**** Data section

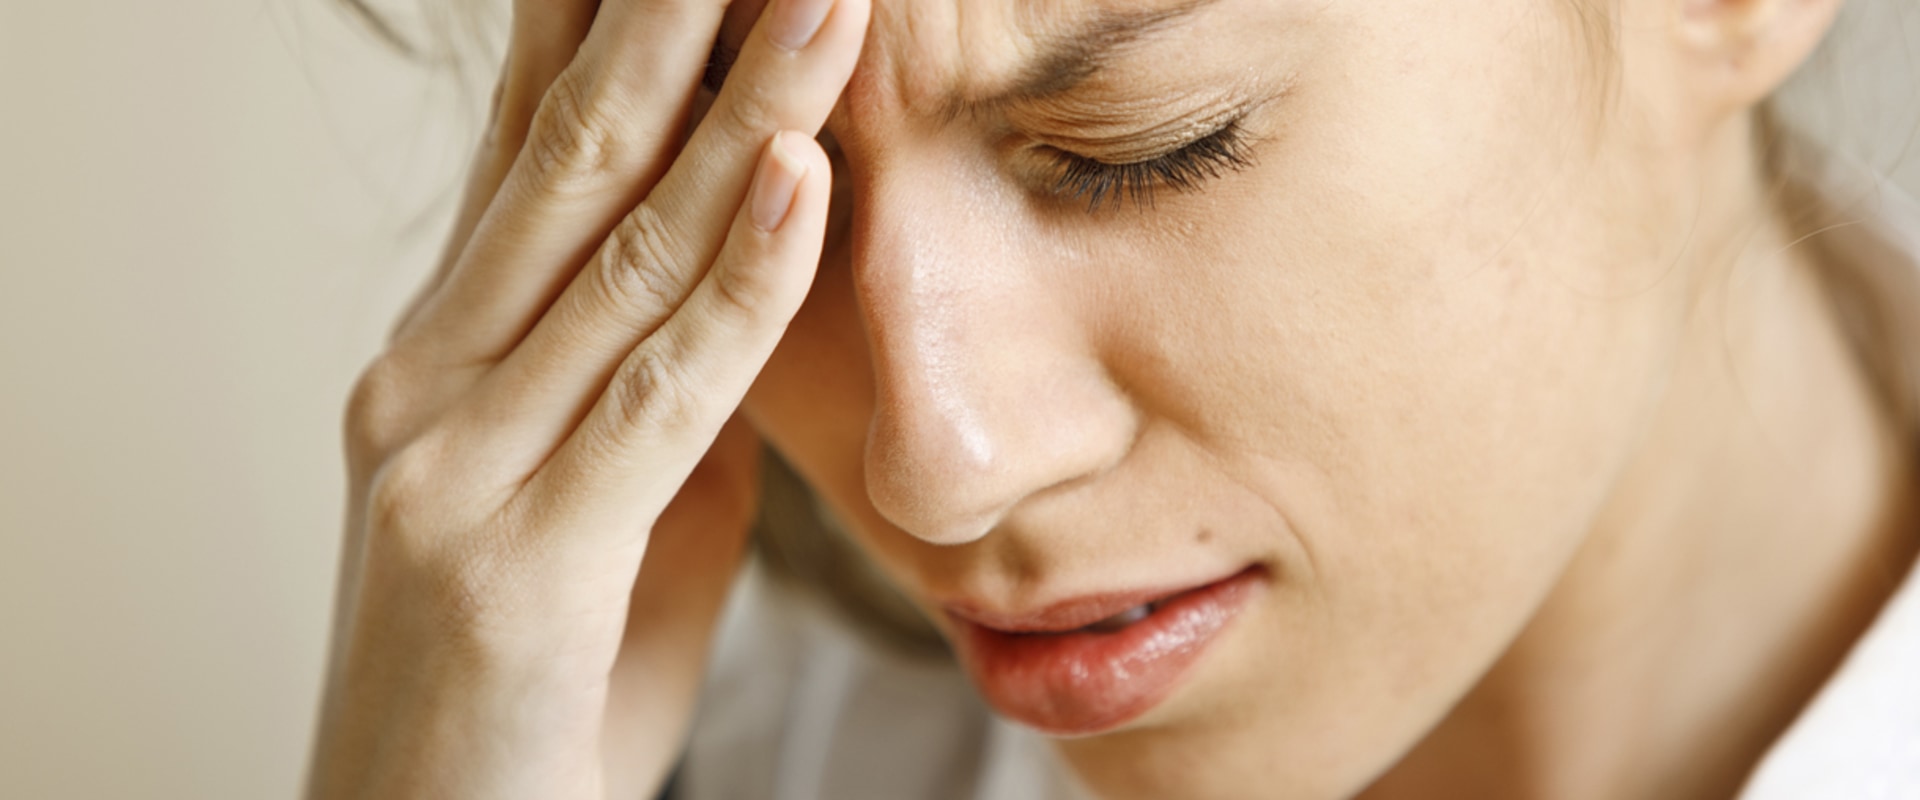 Hoe stop je hoofdpijn?
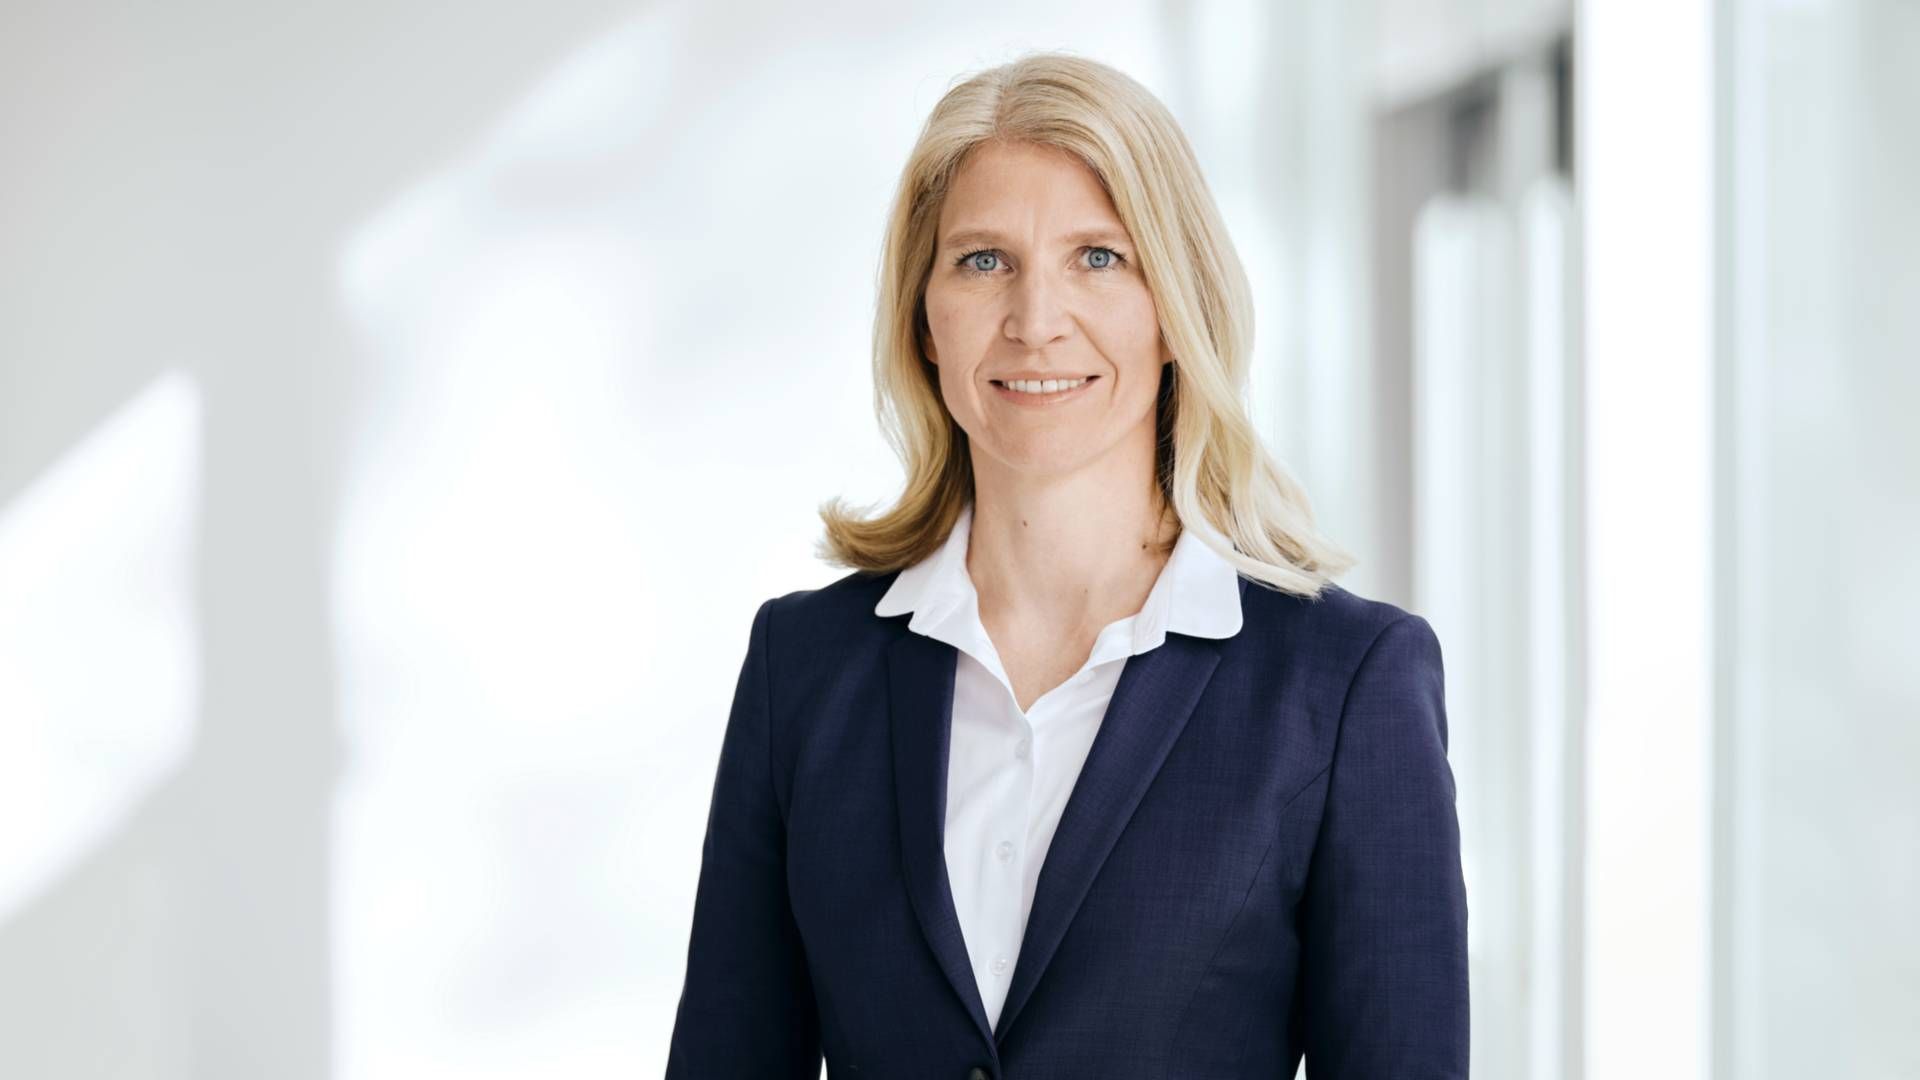 Melanie Kehr, Mitglied des Vorstands der KfW-Bankengruppe | Foto: KfW-Bildarchiv / Thorsten Futh
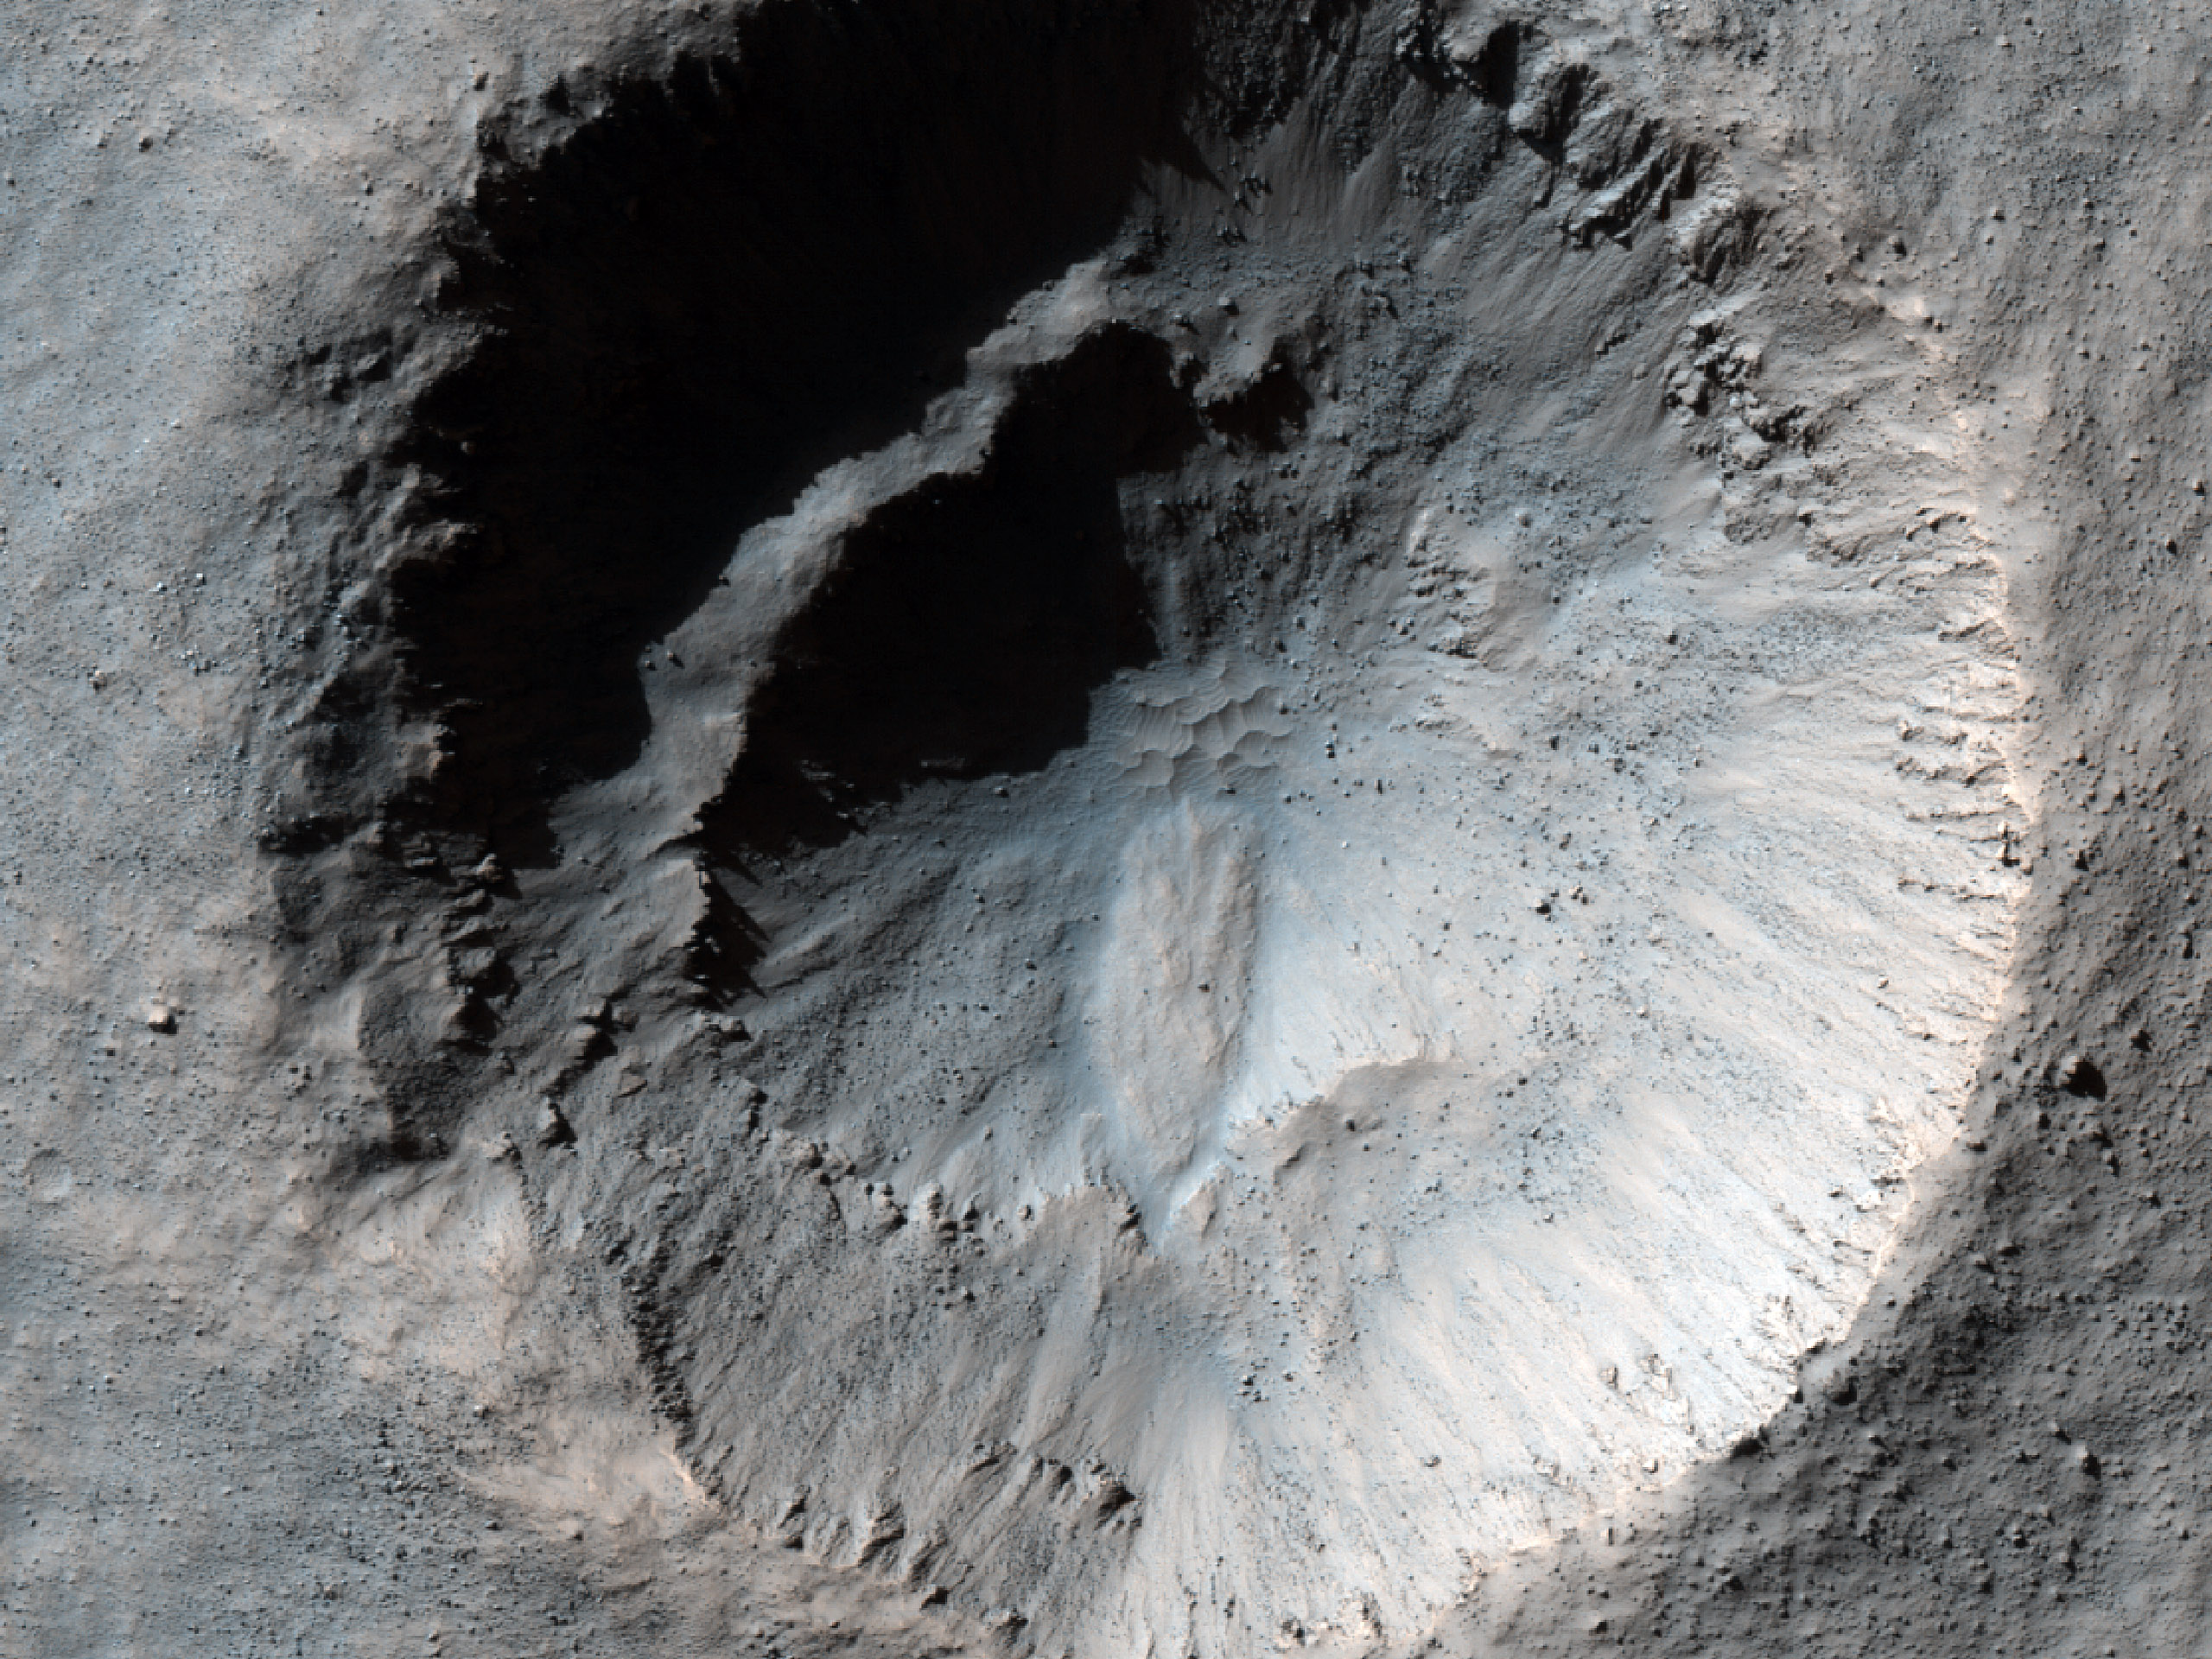 Bene servatus crater chiliometrum per medium patens

********

Problem to solve. Your reply should hold every line above exactly as written and none of the pictures.

Answer space.
 Hoe stop je hoofdpijn?
 Melanie Kehr, Mitglied des Vorstands der KfW-Bankengruppe | Foto: KfW-Bildarchiv / Thorsten Futh
 Bene servatus crater chiliometrum per medium patens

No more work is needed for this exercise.